In 1968, G. Moore, one of Intel's founders, predicted that IC integration would double every 18 to 24 months. This is the famous Moore's Law. In fact, for more than 40 years, IC technology has basically followed the development of Moore's law. Integrated circuits have evolved from small-scale integration (SSI) to very large-scale (VLSI) to today's very large-scale integration (ULSI), a level that can contain more than 100 million components on a single chip. While quantum effects and economic constraints will slow the growth of IC integration, it is foreseeable that the momentum of continued integration of IC adoption with new technologies will not change. At the same time, the complexity of the system is constantly improving, that is, the devices and circuits of different functions are integrated on one chip to form a system integrated chip (SOC). Clearly, the complexity and integration of integrated circuits has made low power consumption an indispensable circuit design indicator.

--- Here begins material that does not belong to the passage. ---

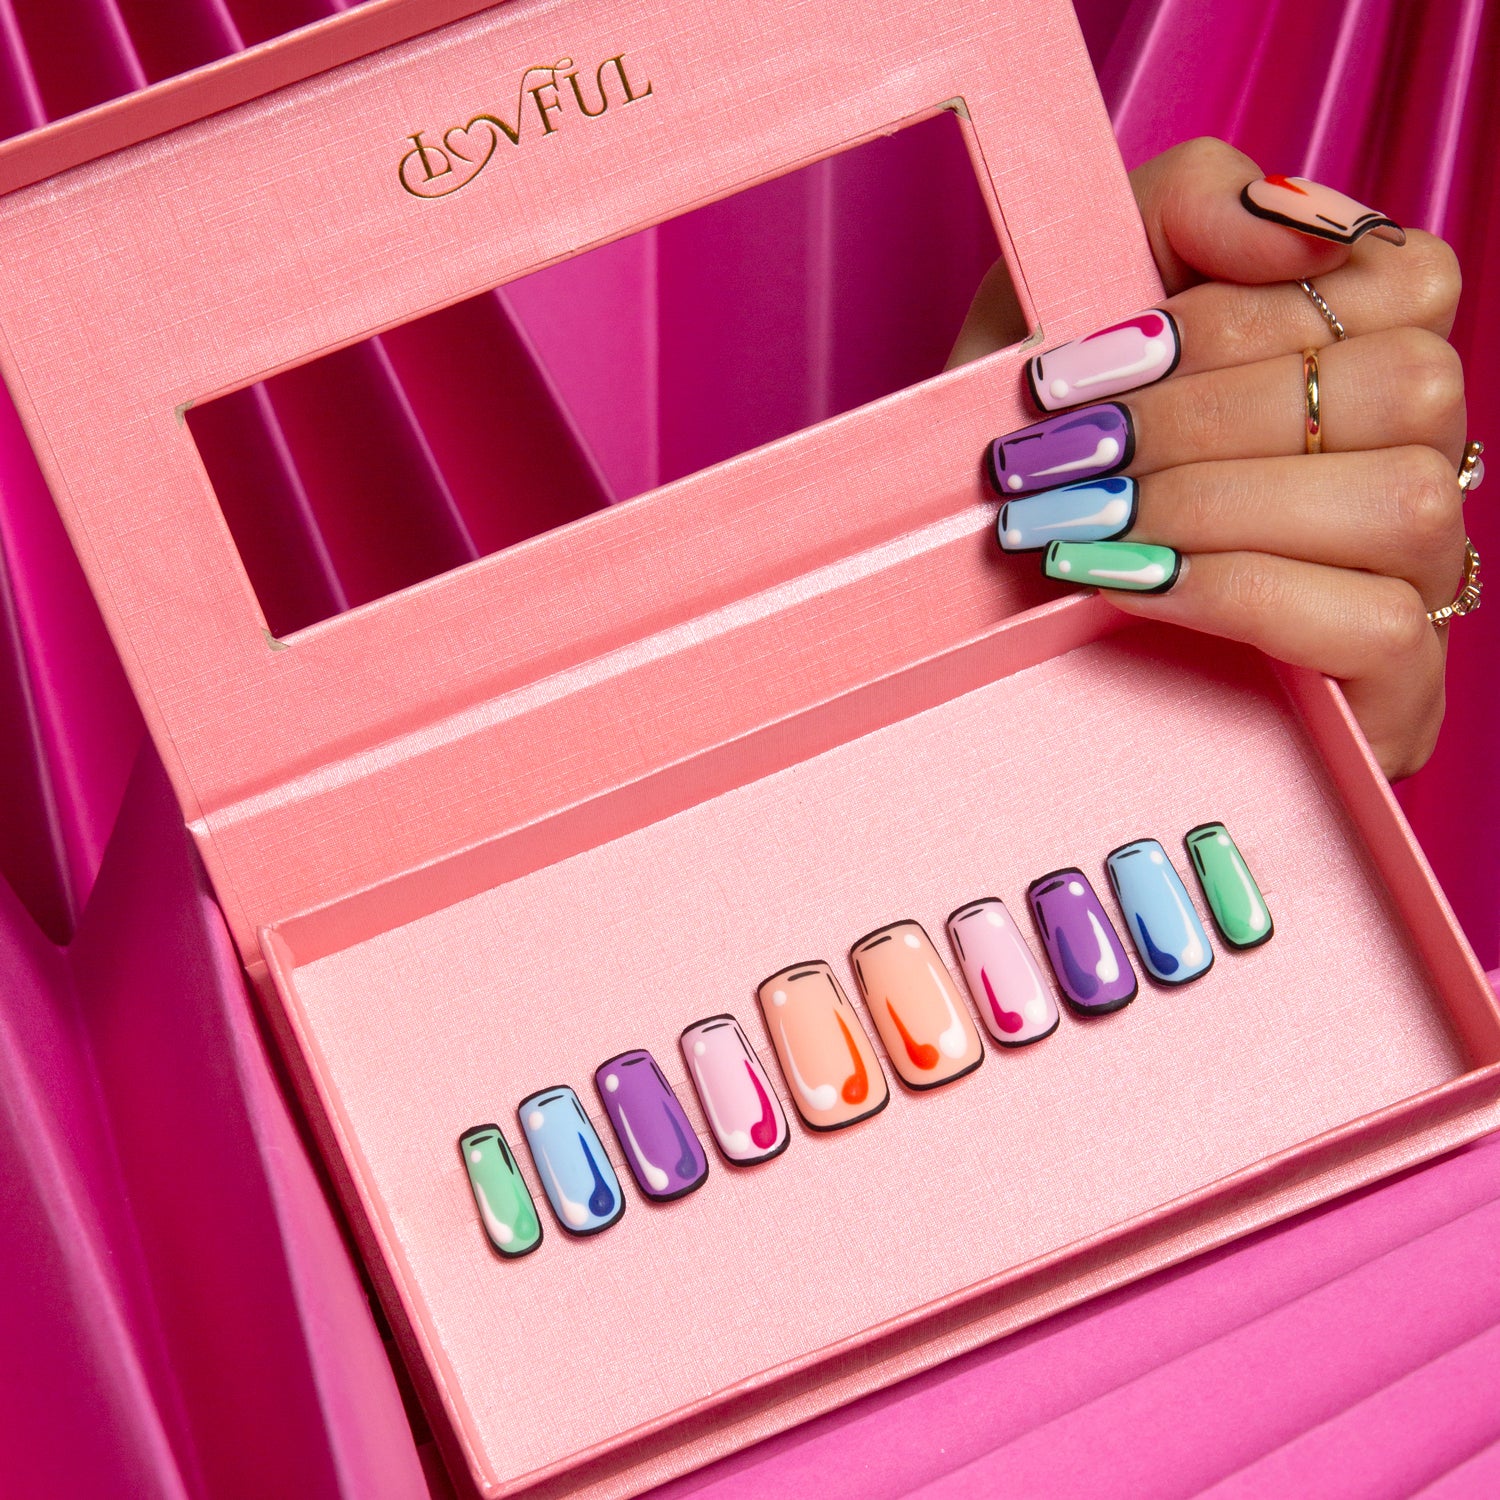 Lovful 'Colorful Pop - Square' press-on nail set featuring vibrant pop art designs in a pink display box, with a hand showing off the colorful nail designs.

First, excessive power consumption will make the chip susceptible to overheating, circuit reliability will drop, and eventually lead to failure. Studies have shown that for every 10 C increase in temperature, the device's failure rate will be doubled. In addition, the increasing power consumption will put higher requirements on the package and heat dissipation of the chip, which will not only increase the cost, but also be small. In applications, such solutions are often not adopted.

More importantly, the development and mass application of consumer electronics has driven research into power consumption issues.

The concept of low power consumption was first proposed by the industry such as electronic watches. In the miniaturized and highly integrated consumer electronics products, in order to reduce circuit cost, improve circuit stability and reliability, it is necessary to design low-power circuits. To ensure that the unit area maintains the same or even lower power consumption as the level of integration increases. At the same time, because the capacity of the battery has only increased by 2 to 4 times in the past three decades, far from the rapid development of VLSI technology, in the battery-powered system, the low-power design of the integrated circuit is the most prolonged battery life. Effective means. In addition, portable devices tend to use fewer batteries to reduce size and weight, and also require circuits to achieve low power consumption. Compared with a decade ago, the proportion of consumer electronics in the electronics industry has grown rapidly from 40% to 55%, so consumer electronics can be said to be the main driver of low-power design.